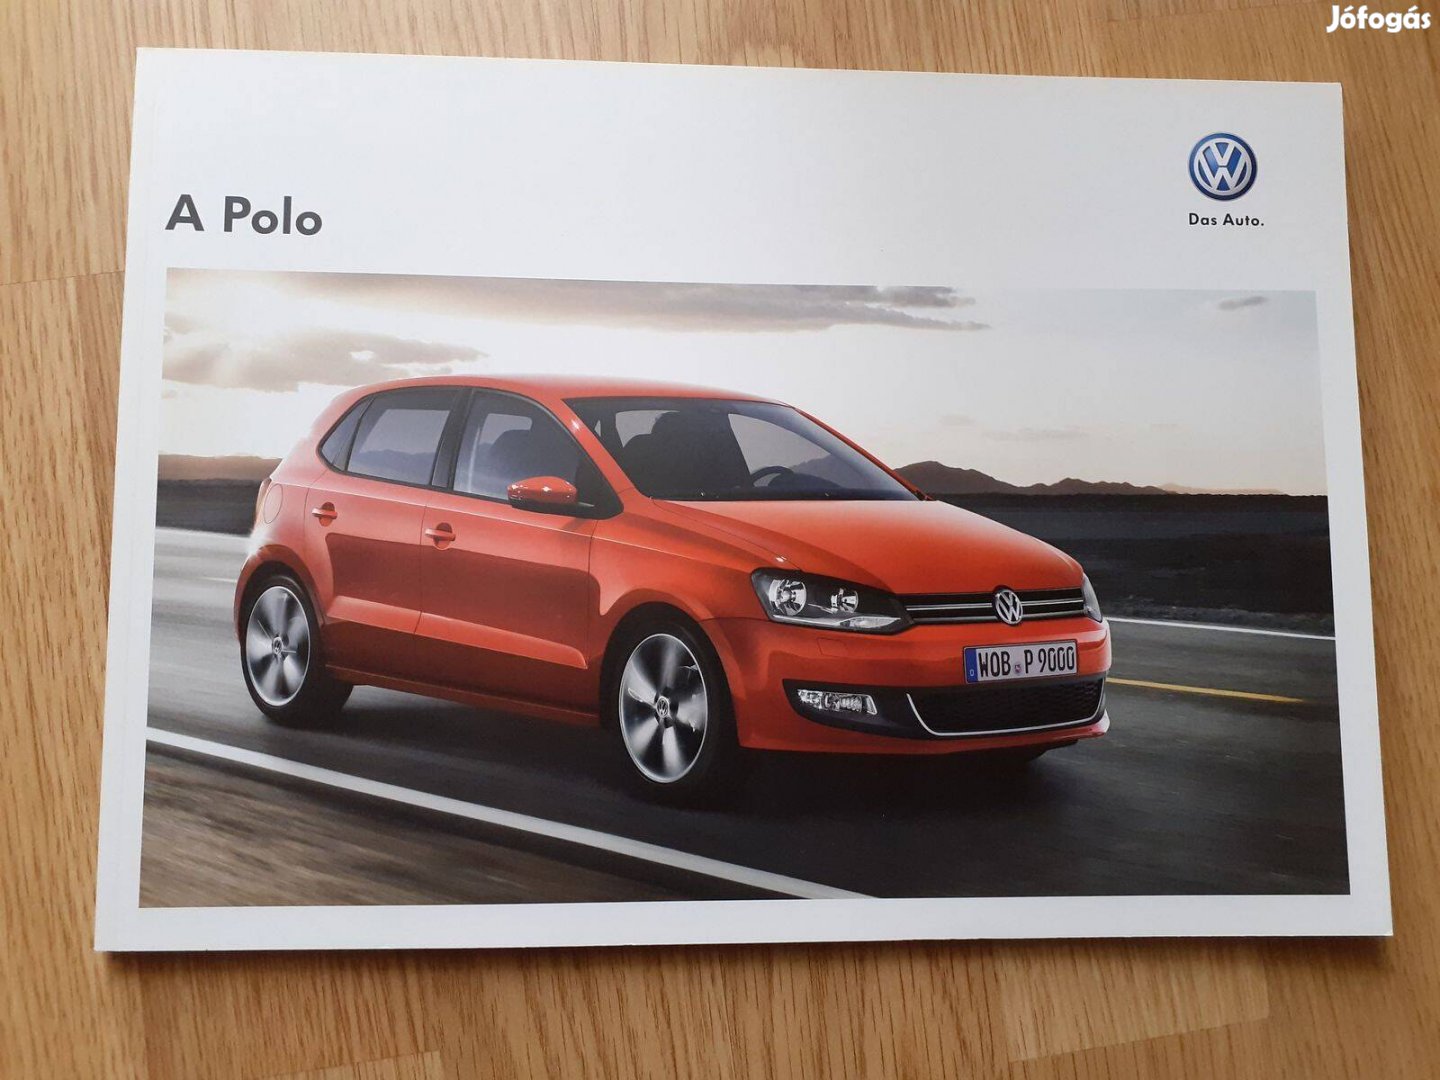 Volkswagen Polo prospektus - 2012, magyar nyelvű
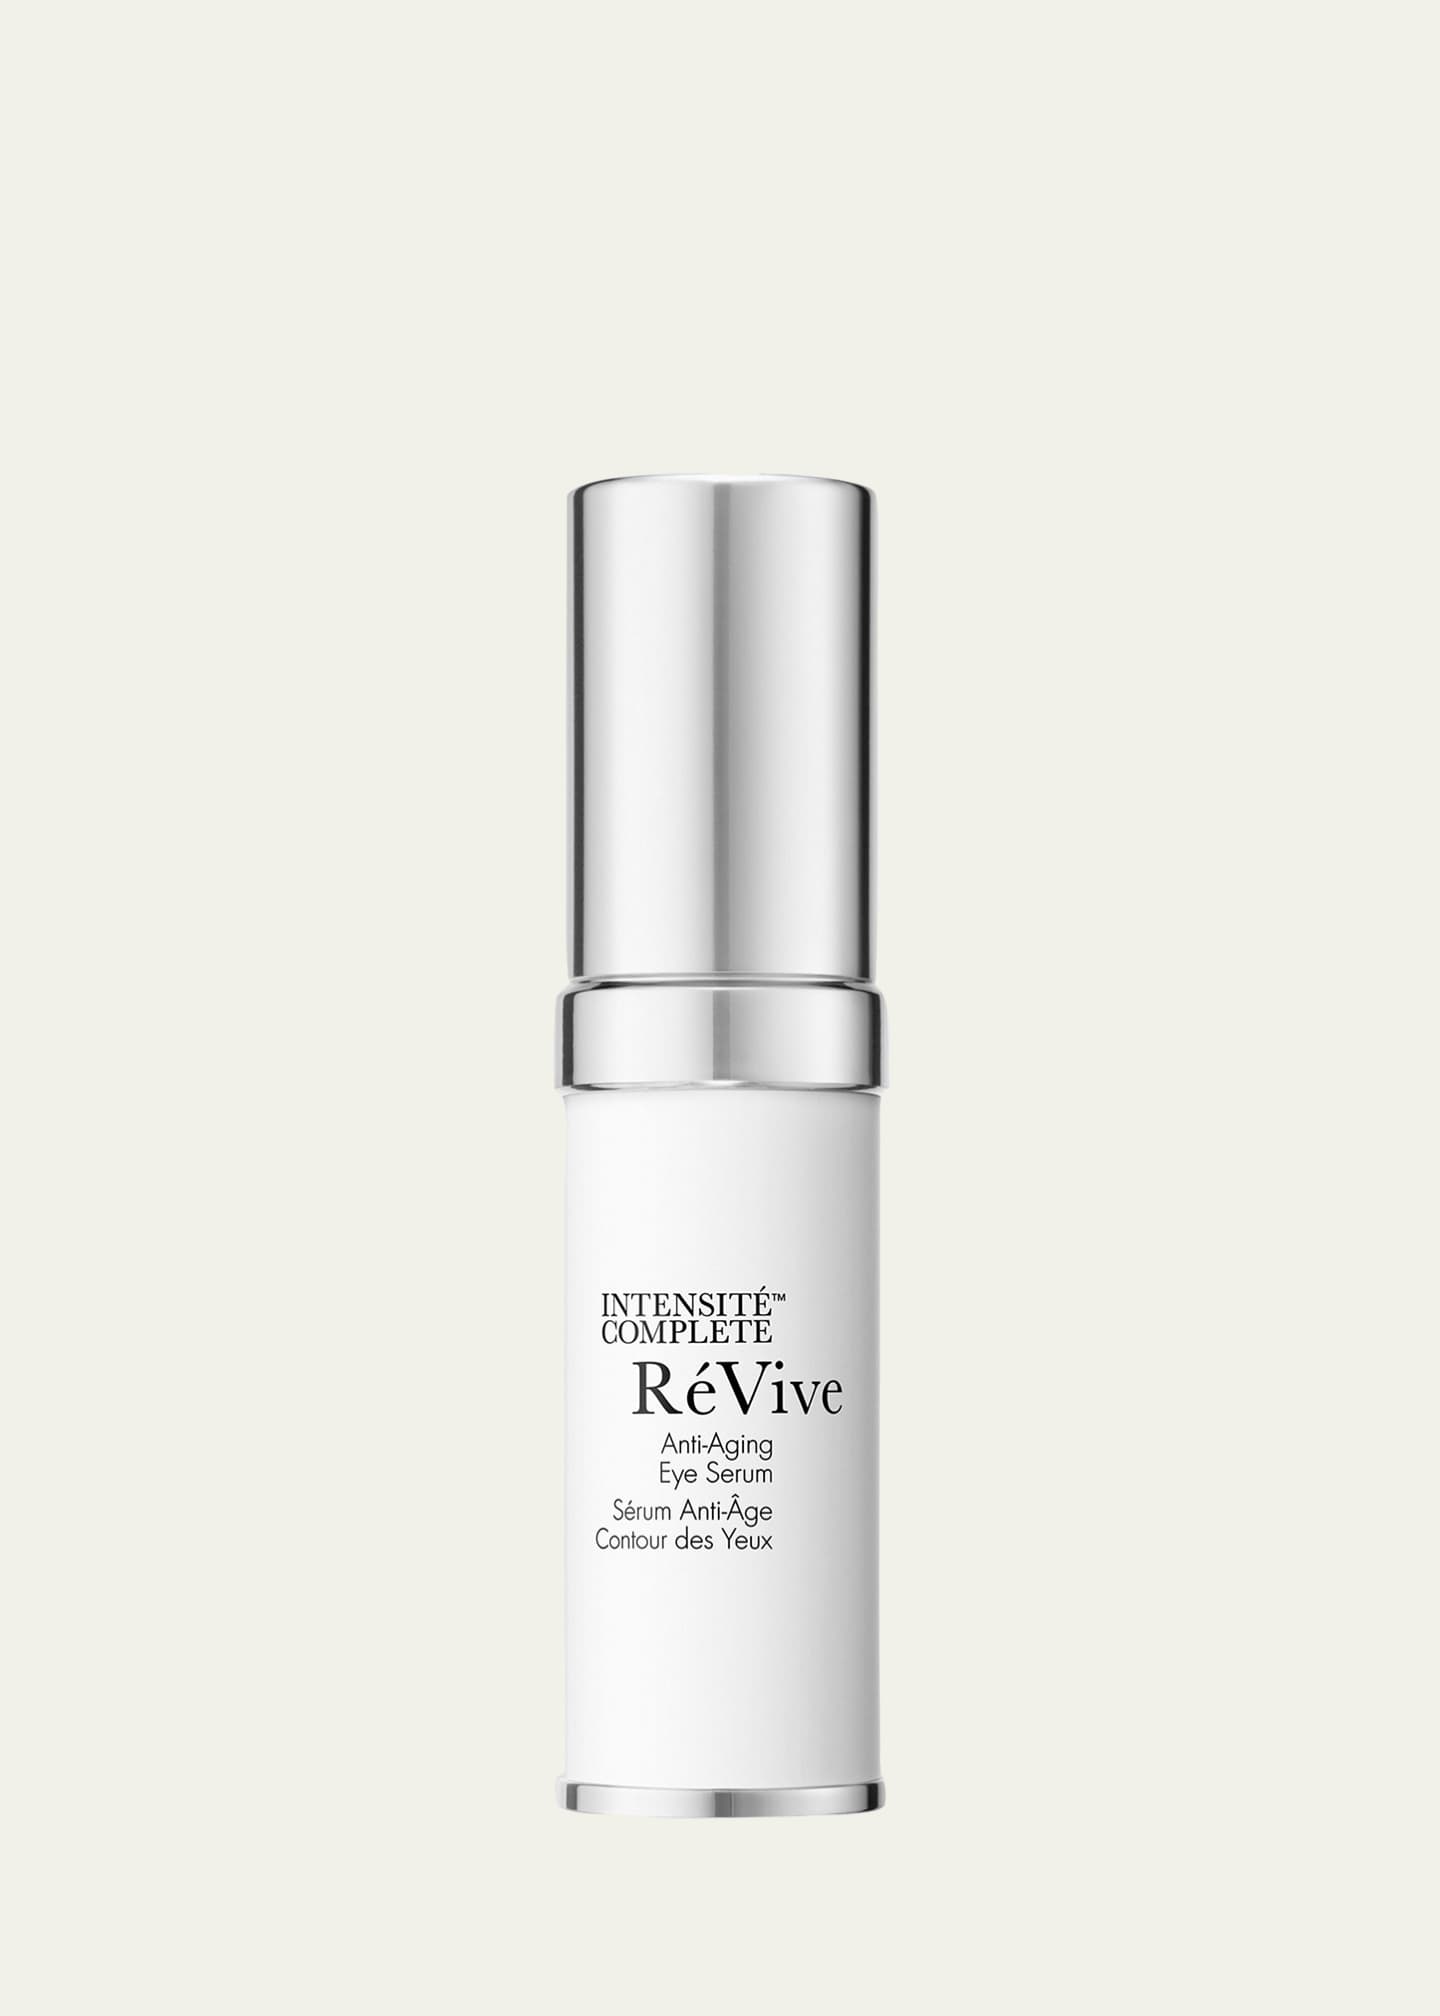 ReVive Intensite Complete Anti-Aging Eye Serum, 0.5 oz. Image 1 of 2
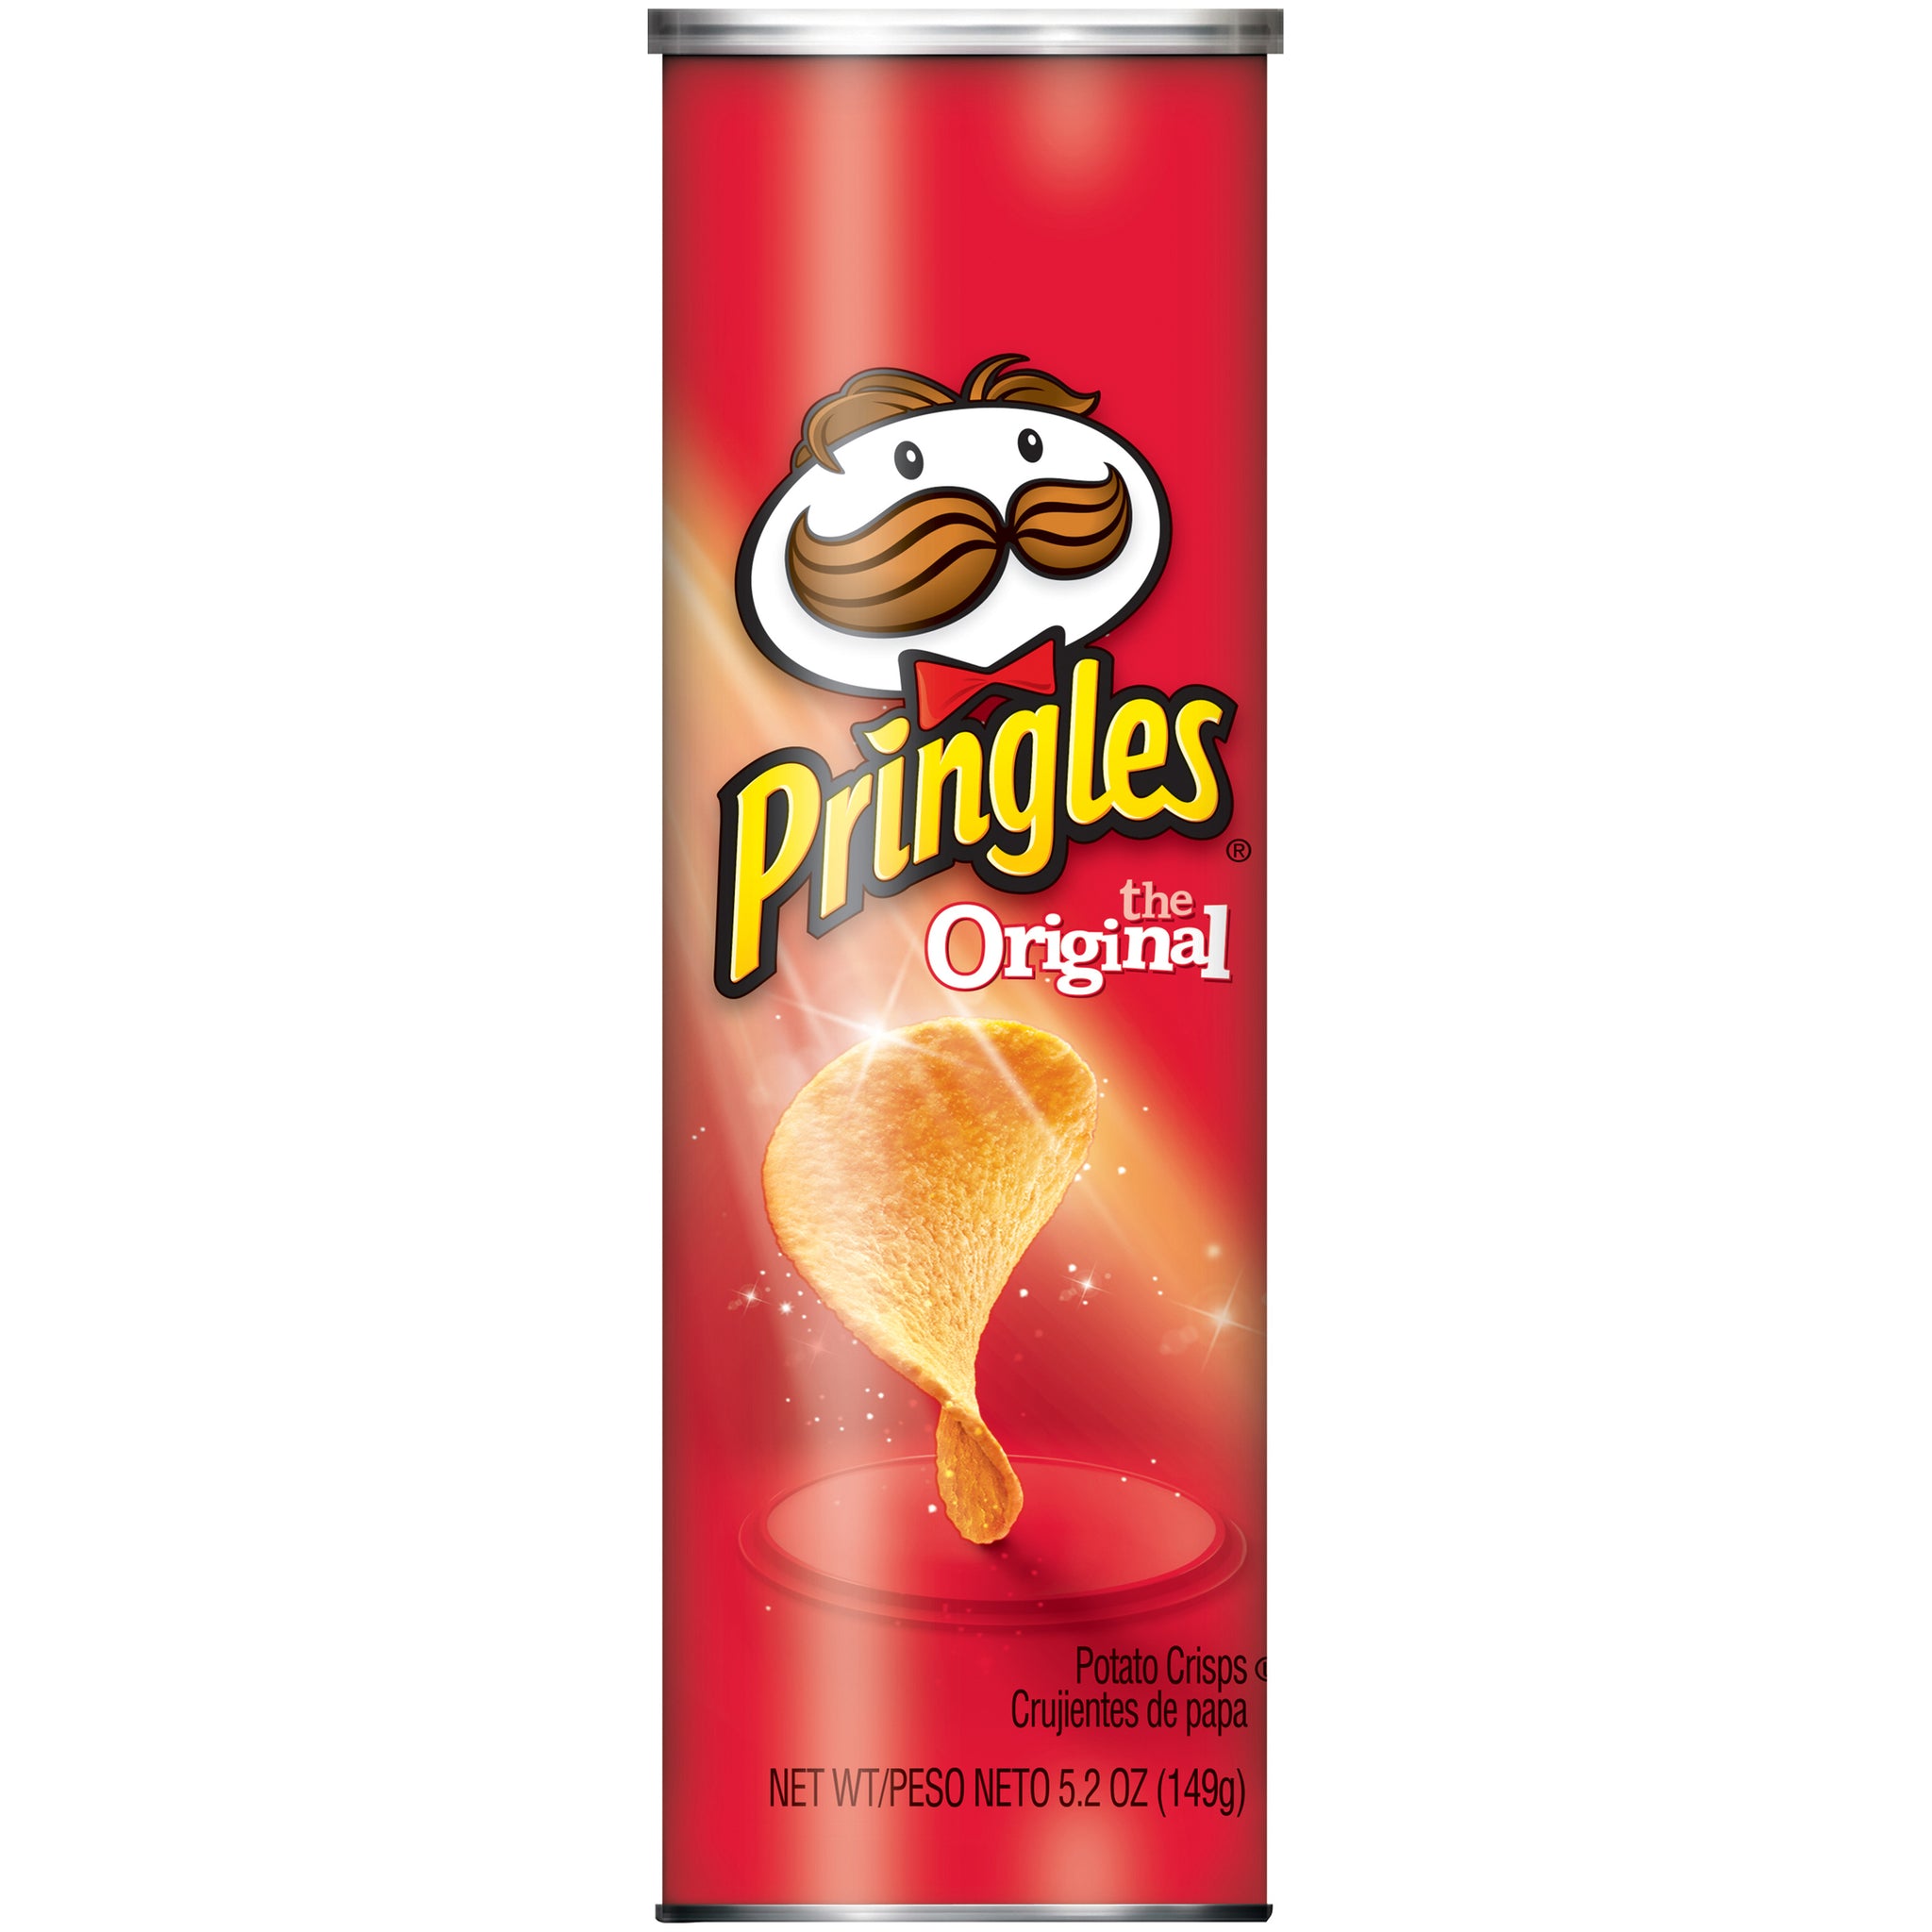 tha>Pringles - Original potato chips can
————————
All of the material goes into the answer exactly as it stands, except for the pictures.

» **Exercise result**
 Volkswagen Polo prospektus - 2012, magyar nyelvű
 ReVive Intensite Complete Anti-Aging Eye Serum, 0.5 oz. Image 1 of 2
 tha>Pringles - Original potato chips can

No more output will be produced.